Одна цель стояла перед Сиддхартхой, одна-единственная: опустошитъся, избыть все – жажду, желания, грезы, радости и страданье. Отмереть от самого себя, лишиться своего «я», с опустошенным сердцем обрести покой, освободив мысль от самости, распахнуться навстречу чуду – такова была его цель. Когда «я» будет полностью побеждено и умрет, когда умолкнут в сердце всякая страсть и всякое влечение, тогда непременно проснется самое последнее, самое сокровенное в его существе, уже не-«я», великая тайна.
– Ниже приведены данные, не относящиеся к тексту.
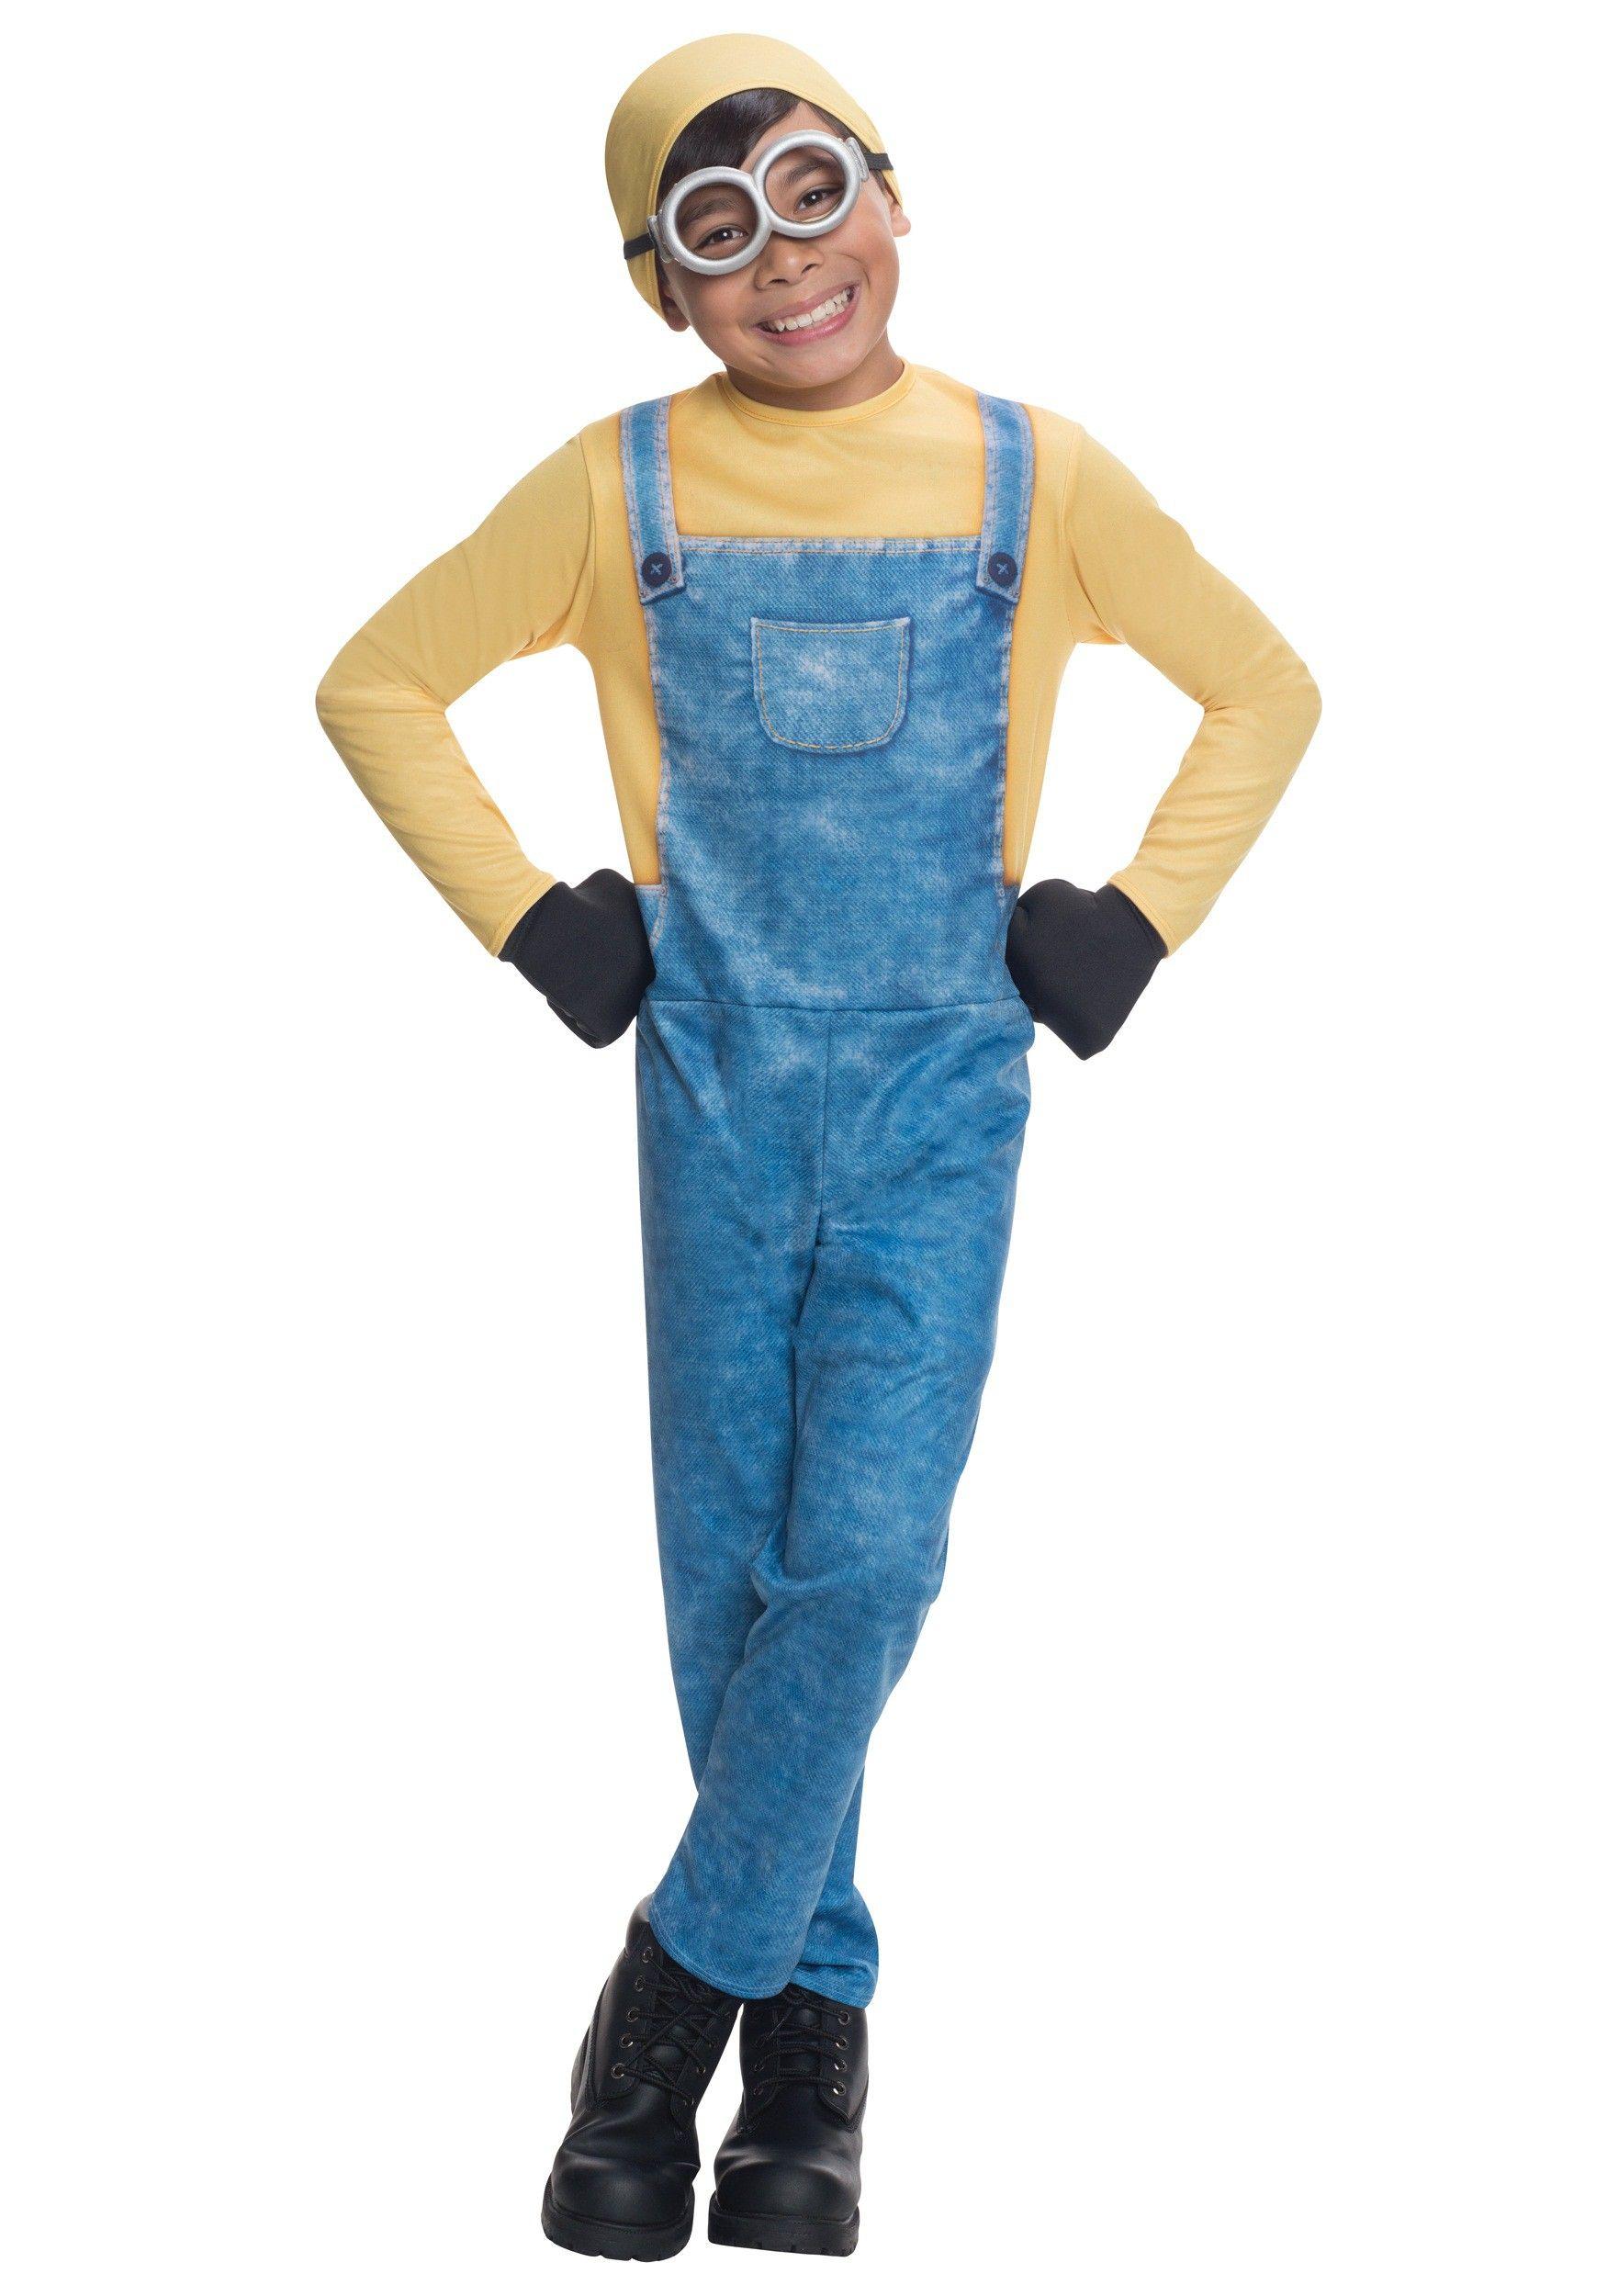 Child Minion Bob Costume  sc 1 st  Pinterest & Child Minion Bob Costume | Minion | Pinterest | Costumes Baby ...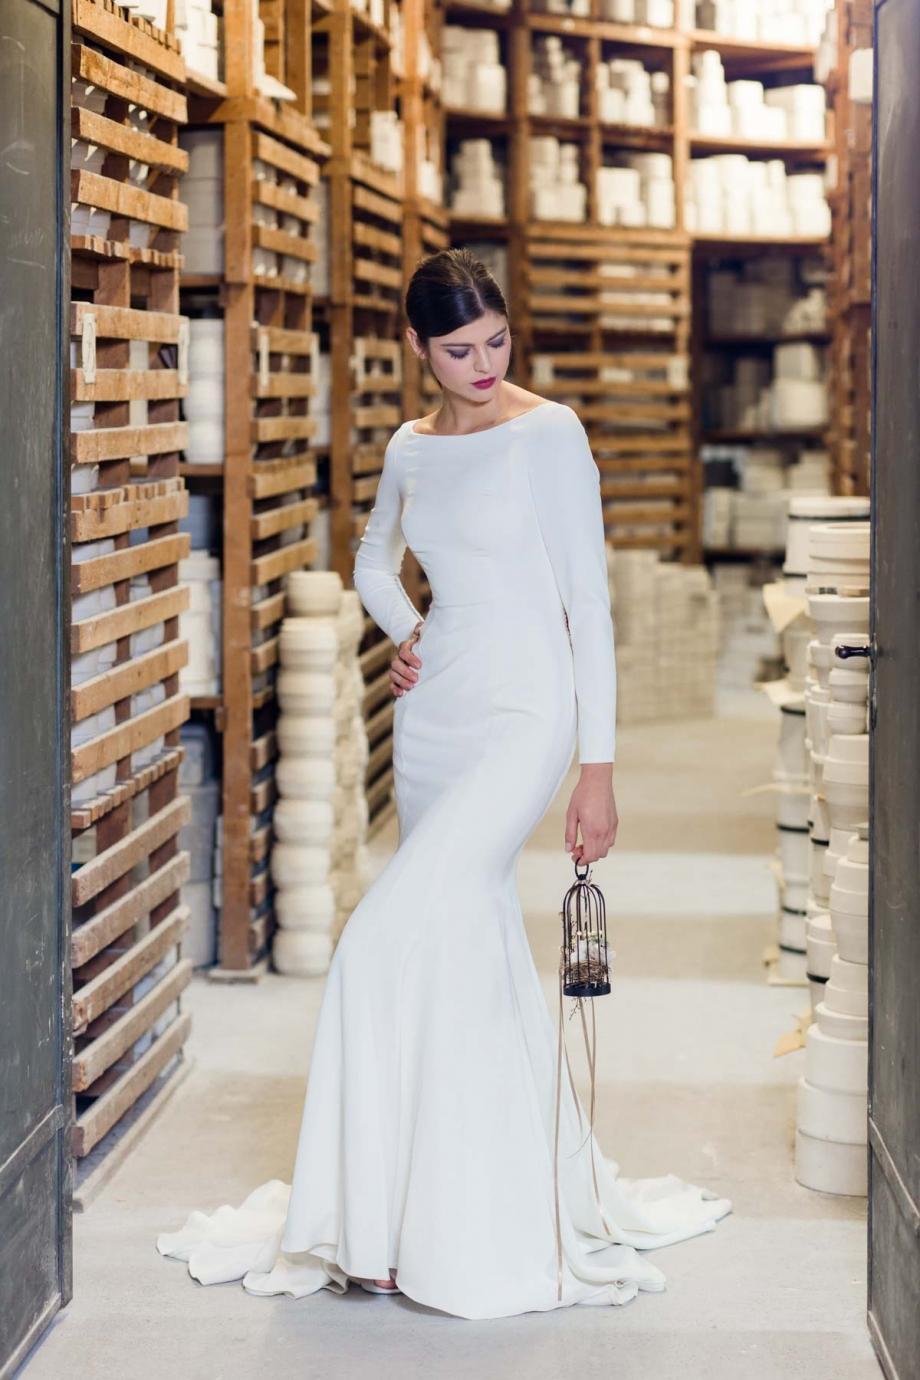 Modernes Brautkleid fotografiert in der staatlichen Porzellanmanufaktur Meissen

Молча стоял Сиддхартха под отвесными лучами палящего солнца, сгорая от боли, сгорая от жажды, стоял, пока не утратилось и чувство боли, и чувство жажды. Молча стоял он в сезон дождей, вода текла с его волос на зябнущие плечи, струилась по зябнущим бедрам и голеням, пока плечи и бедра не перестали зябнуть, пока не умолкли, пока не утихли. Молча сидел он на корточках в колючих дебрях, горящая кожа сочилась кровью, нарывы – гноем, а Сиддхартха не шевелился, пока не перестала течь кровь, пока не перестали жалиться колючки, пока не унялось жженье.
1
Авторская аллюзия на Мундака-упанишаду (II:2). – Примеч. пер.